Pur non essendo realmente un atleta, Jerry Lewis non si risparmiava mai sul set lanciandosi senza controfigura in cadute, piroette, anche nelle scene più spericolate. Questa sua voglia di rischiare gli costò la rottura di una vertebra nei primi anni sessanta che limitarono la sua mobilità e la sua salute in generale. La “Boxe”, non a caso con la B maiuscola, la incontra durante il Jerry Lewis Show trasmesso dalla ABC nel 1963. L’intervistato di turno era Cassius Clay (non aveva ancora cambiato il suo nome in Muhammad Alì).
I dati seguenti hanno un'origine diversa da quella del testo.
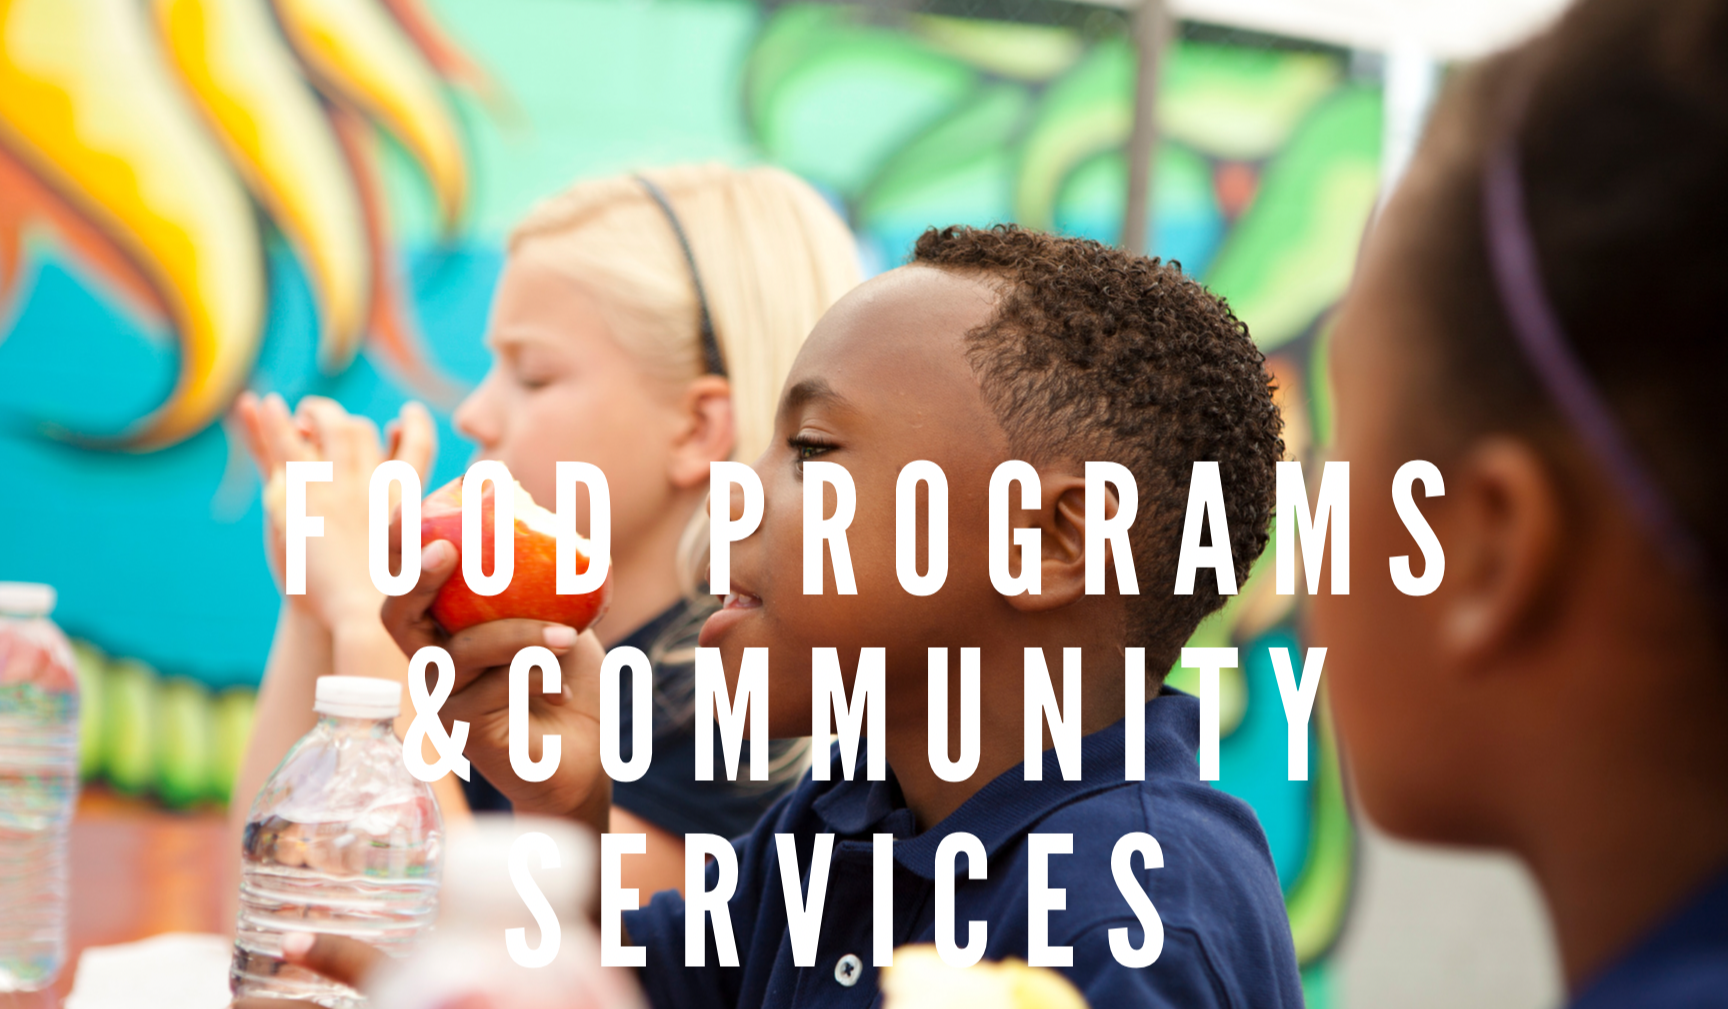 Food and Community Services

Tra il serio e il faceto Lewis faceva domande al già campione olimpico di Roma ’60 nei mediomassimi e prossimo pretendente al trono dei massimi di Sonny Liston. Lewis sferra anche un pugnetto sulla spalla di Clay che lo invita a “stare in guardia”. Sorrisetti del pubblico a parte, lo Show non riscosse grande successo in termini di ascolto, infatti, fu sospeso per l’omicidio Kennedy avvenuto il 22 novembre del 1963 e chiuso definitivamente a dicembre.

Il cinema era la vera arte di Lewis che, ancora con Dean Martin, nel 1953, diede vita a una simpatica inversione di ruoli in Occhio alla palla (The Caddy). Lewis interpreta un bravo giocatore di golf che soffre di attacchi di panico in pubblico. Per questo incarica Joe, fratello della sua fidanzata, di giocare al posto suo promettendogli di stargli vicino come caddy. Tutto fila liscio finché Joe dovrà vincere una partita per ricevere una somma di denaro ma non ci riuscirà per colpa della famiglia che entra in campo creando disordini. Il finale è quasi la celebrazione del loro sodalizio artistico. I due, fuggiti dal campo di golf, diventano attori e mentre il personaggio di Lewis vince anche gli attacchi di panico per salire sul palcoscenico, Dean Martin intona per la prima volta un successo planetario dal sapore molto italiano: That’s Amore! “L’amore” professionale tra i due attori, per questioni di visibilità, finirà nell’estate del 1956 dopo sedici film.

“Ci deve volere molta pazienza per spingere fin lassù quegli affari” con questa frase, spazientisce il body builder che solleva un bilanciere molto carico in palestra. La scena compare in Le folli notti del dottor Jerryll (The Nutty professor) del 1963 ed è una sintesi dei tempi comici che Lewis prediligeva: l’approccio, la battuta e la situazione inverosimile con le braccia che cadono fino a terra per il peso.

Il concentrato comico-sportivo sul neo 90enne attore, ci ha fatto attraversare quasi settant’anni di storia americana, perché non si diventa il surreale Jerry Lewis senza aderire a un contesto reale, quello di un’America che usciva dalla seconda guerra mondiale, che non smise di esportare guerra, ma che iniziava concretamente a vivere il suo sogno economico. Le risate che regalava erano evasione e leggerezza allo stato puro per gli americani. Risero un po’ meno gli australiani che, nel 2008, ascoltarono in tv una battutaccia sul cricket, definito “uno sport per froci” dall’allora ultraottantenne Lewis, non nuovo ad attacchi omofobi o razzisti. Eh no, questa non faceva ridere affatto, caro Picchiatello. Auguri!